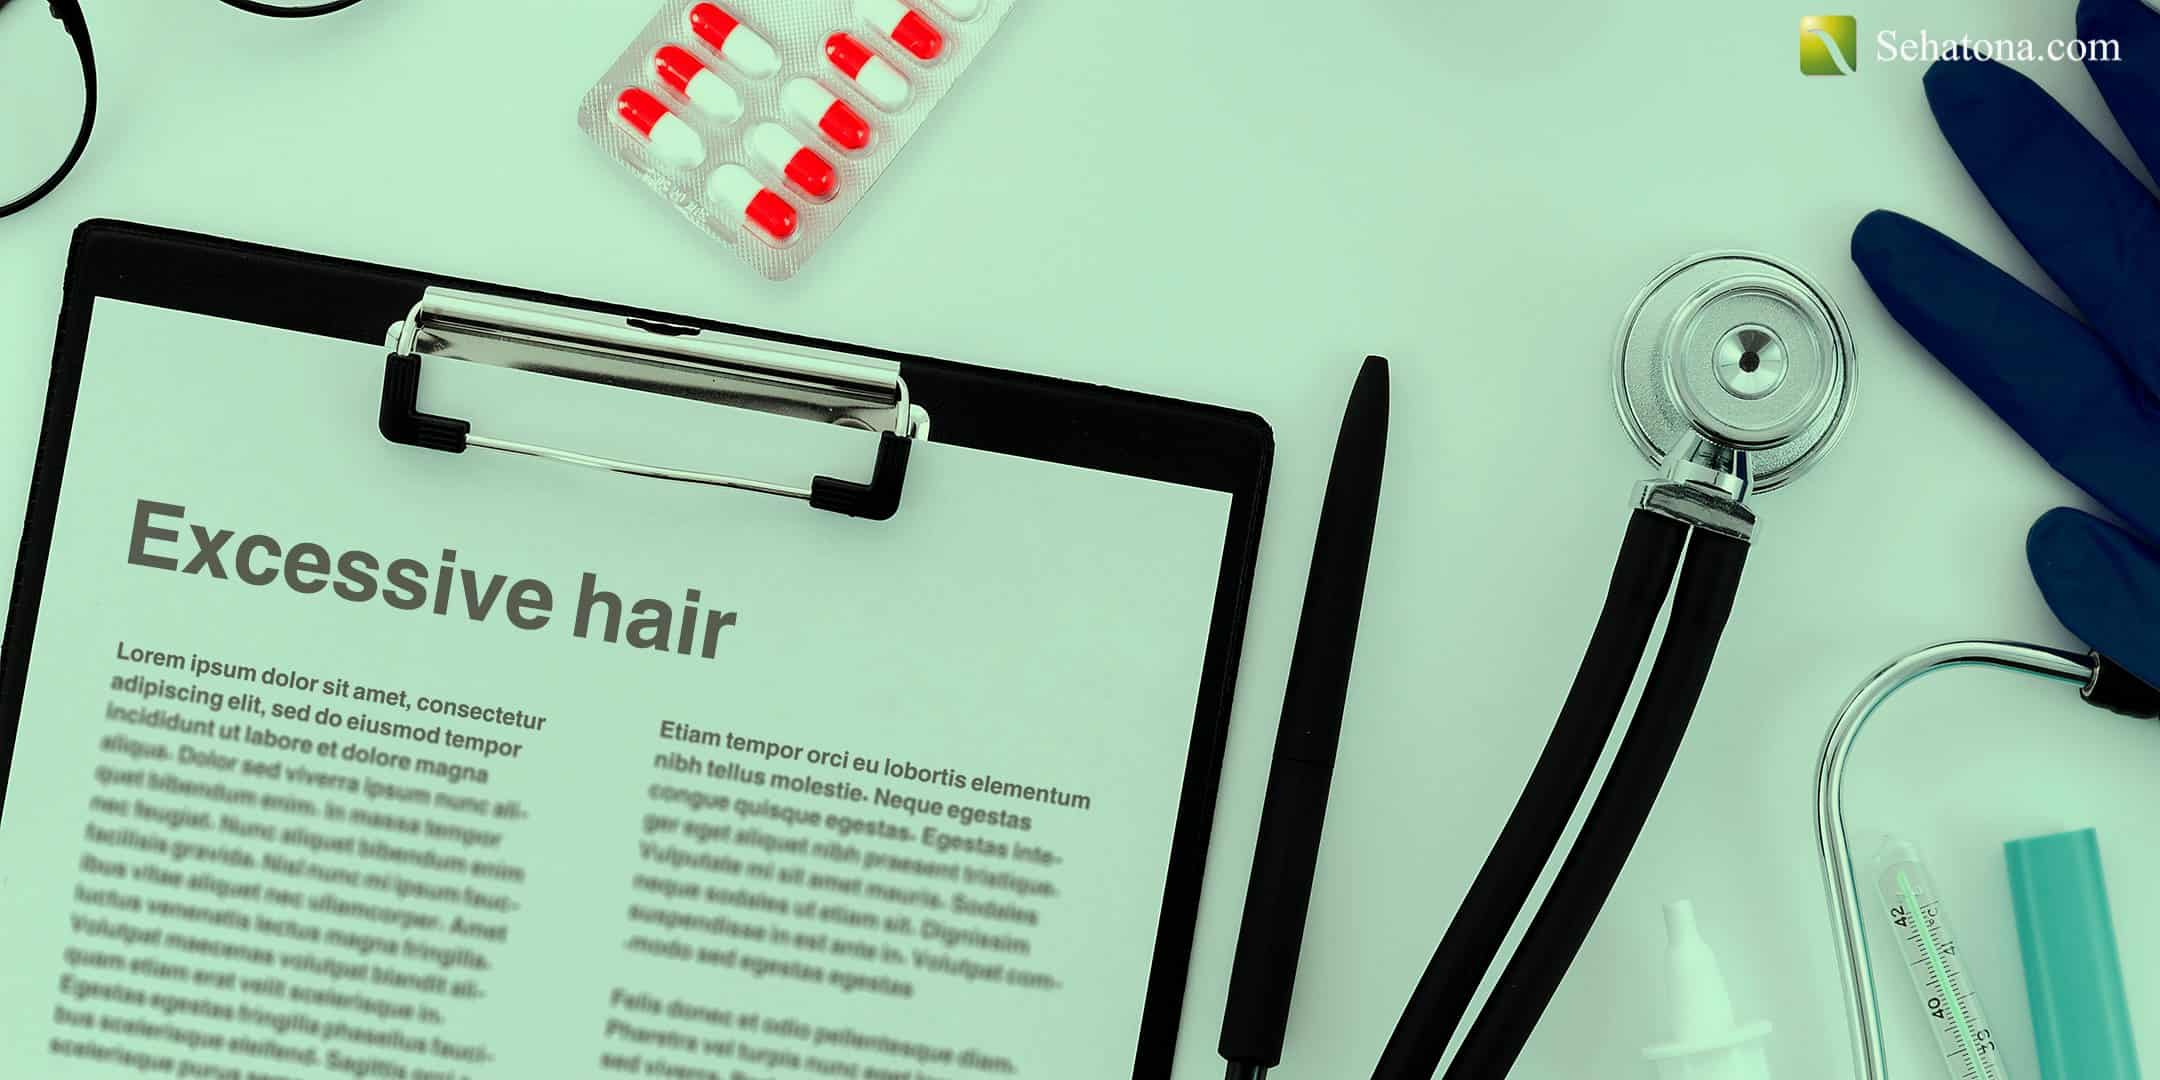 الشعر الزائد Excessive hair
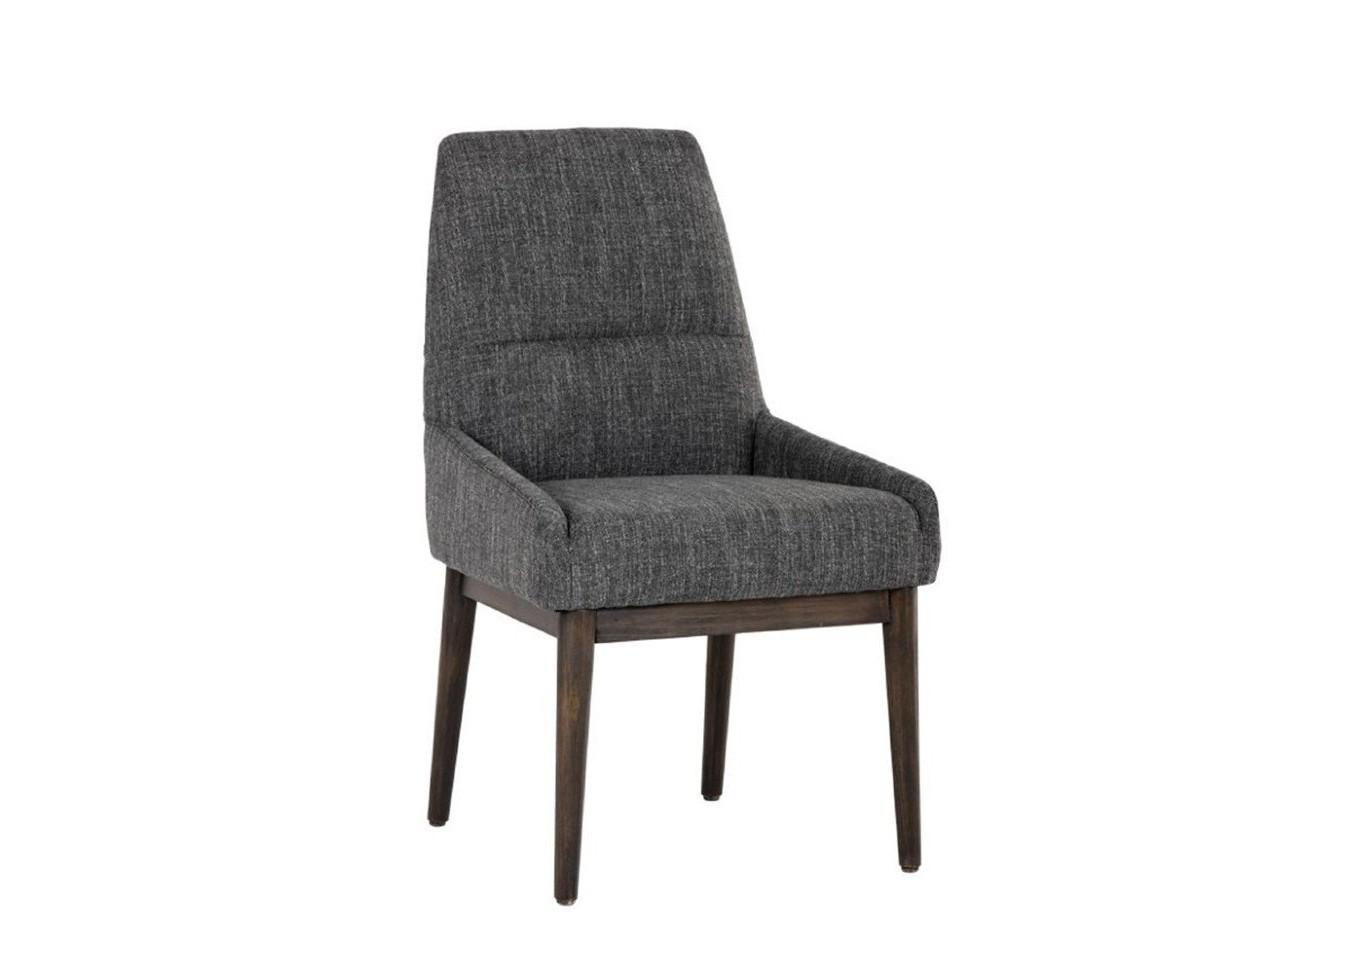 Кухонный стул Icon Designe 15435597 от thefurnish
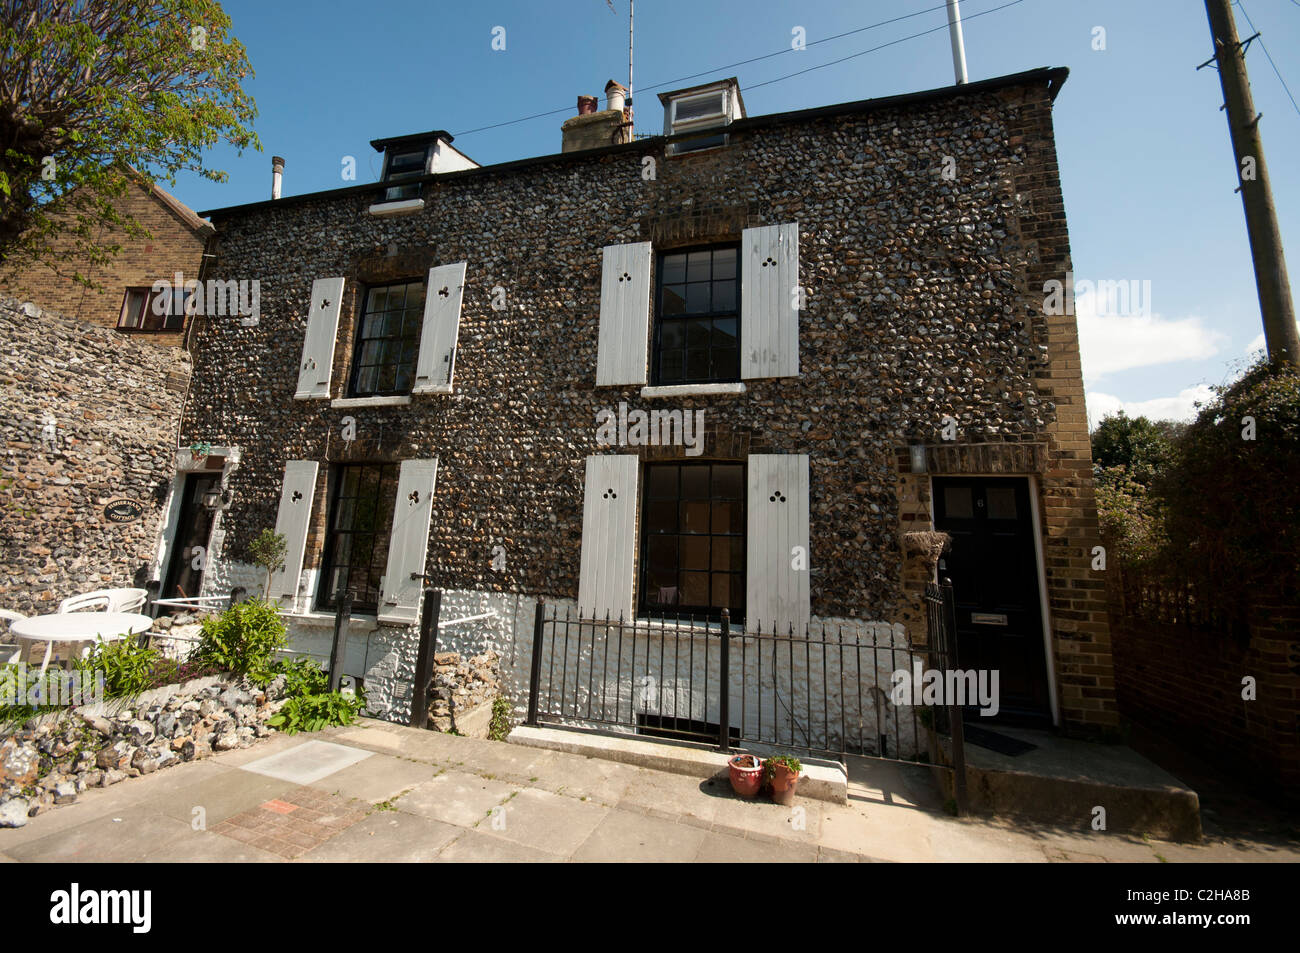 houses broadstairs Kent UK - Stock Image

◆ **WHAT IS BEING ASKED**: For the data above, return an exact copy that contains no pictures.

◆ **RESULT OF THE TASK**:
 الشعر الزائد Excessive hair
 Кухонный стул Icon Designe 15435597 от thefurnish
 houses broadstairs Kent UK - Stock Image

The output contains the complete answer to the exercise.